Se tu o i tuoi clienti utilizzate Outlook, vi sarete sicuramente scontrati con il problema dell’organizzazione delle caselle di posta.

Avrai notato che quasi sempre la mailbox viene organizzata “a cartelle”. E magari anche tu ti servi delle cartelle di Outlook per mettere ordine tra le tue email.

Ma questo tipo di gestione della posta funziona davvero?
 
laptop con cartelle

Analizzare le email che ricevi in modo regolare e costante, spostarle nelle cartelle apposite, ordinarle per argomento… tutto questo richiede una certa disciplina e un ammontare di tempo non indifferente.

E spesso, dopo un po’, ti accorgi che ignori completamente la suddivisione che hai dato alle cartelle e cerchi le email con la funzione di ricerca di Outlook o con altri criteri.

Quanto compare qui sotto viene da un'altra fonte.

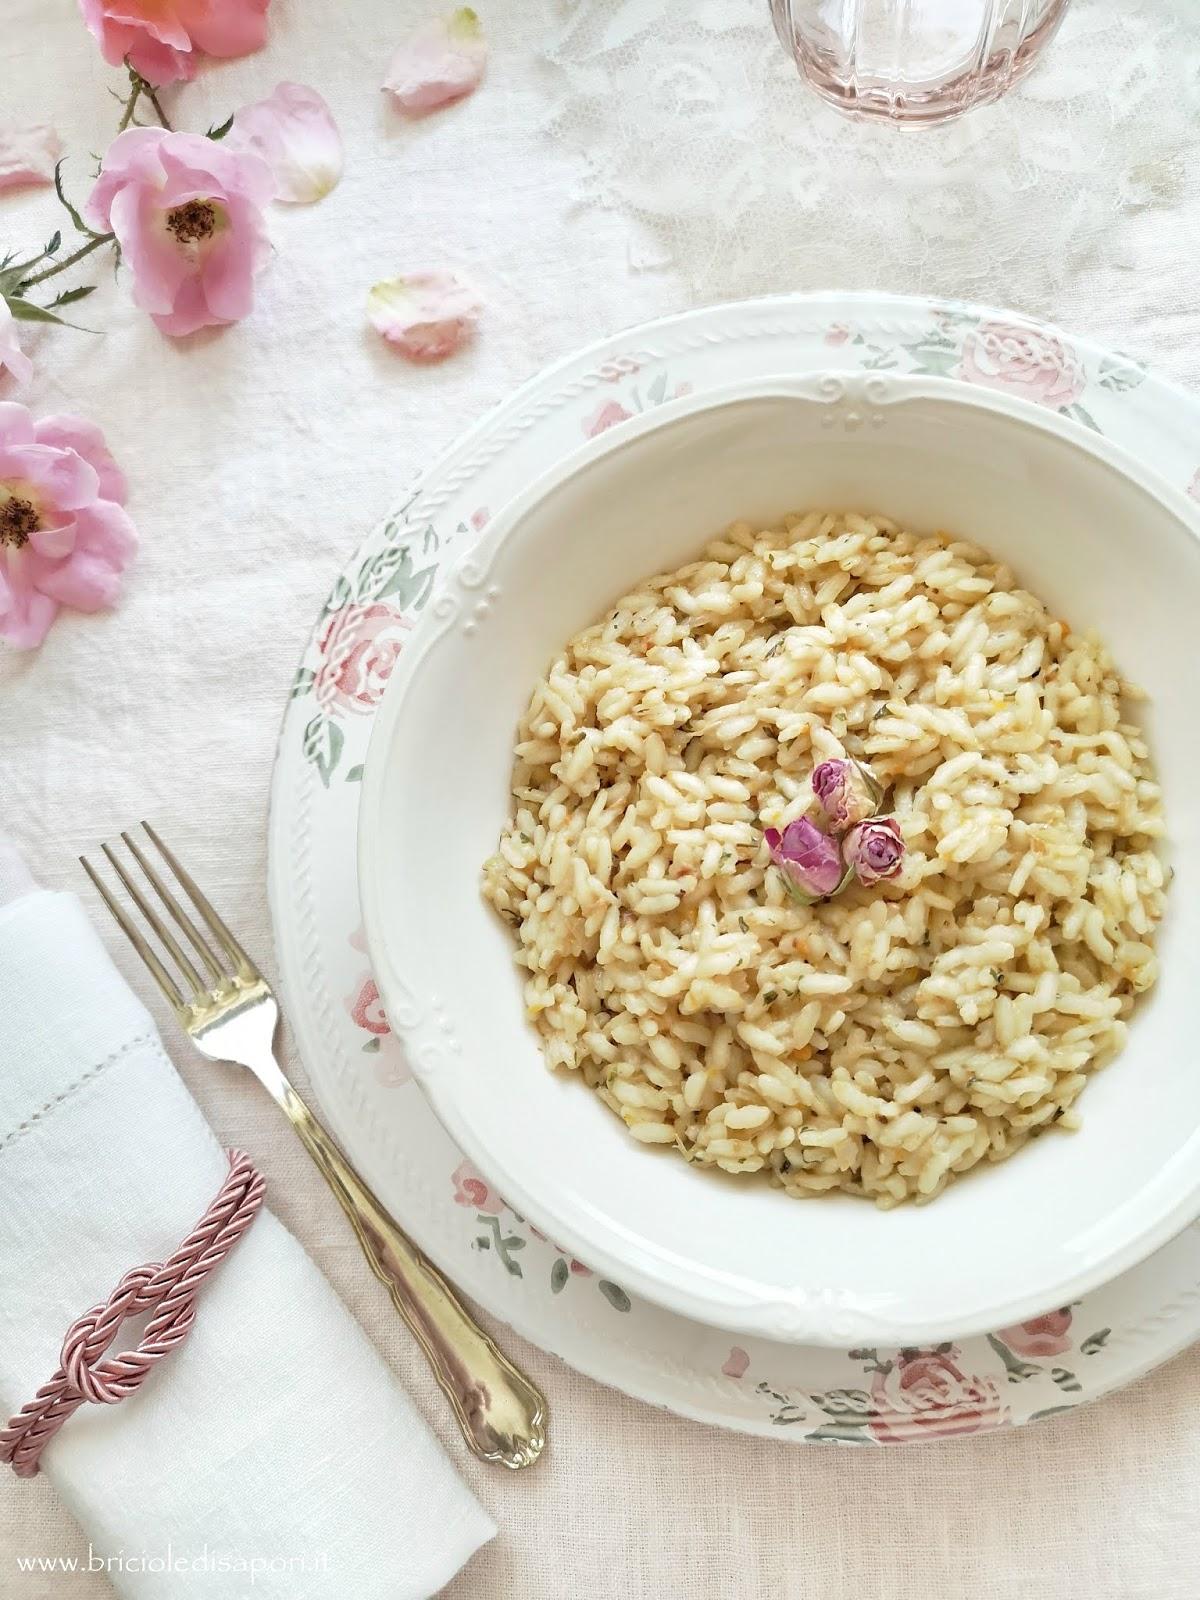 preparato per risotto alle rose

Questo perché, dopo un po’, il numero di cartelle e di messaggi in esse presenti diventa così grande da perdere del tutto la funzione che aveva in principio, finendo per creare ancor più confusione e per rallentare Outlook stesso.

Non ti saprei dire perché si sia presa l’abitudine di organizzare la posta elettronica in cartelle, ma ti posso parlare delle conseguenze che questo tipo di struttura può avere all’interno di un archivio email.
 
Journal Archiving o Mailbox Archiving?

Per prima cosa occorre capire quali sono le possibilità che l’archiviazione email ti offre.

MailStore, ad esempio, ti dà la possibilità di scegliere tra Journal Archiving e Mailbox Archiving.

Spesso si opta per la seconda perché dà all’utente la possibilità di orientarsi meglio all’interno dell’archivio email in quanto esso replica la struttura delle mailbox, comprese le cartelle utilizzate dall’utente.

Di conseguenza l’utente troverà ciò che gli serve dove si aspetta di trovarlo… almeno all’inizio!

Sì, perché sebbene sia possibile cancellare delle cartelle inutilizzate nel client email, queste rimarranno sempre presenti in MailStore dove ti troverai una serie di “cartelle zombie” che non fanno altro che confonderti.

Questo è in realtà solo un apparente problema.

Infatti la maggior parte degli utenti utilizza la pratica funzione di ricerca presente in MailStore per trovare messaggi, allegati, mittenti ecc.

Allora che senso ha avere delle cartelle se poi si prediligono altri strumenti di ricerca? Nessuno.

La principale differenza tra journal archiving e mailbox archiving è che la prima archivia immediatamente tutta la posta in entrata e in uscita.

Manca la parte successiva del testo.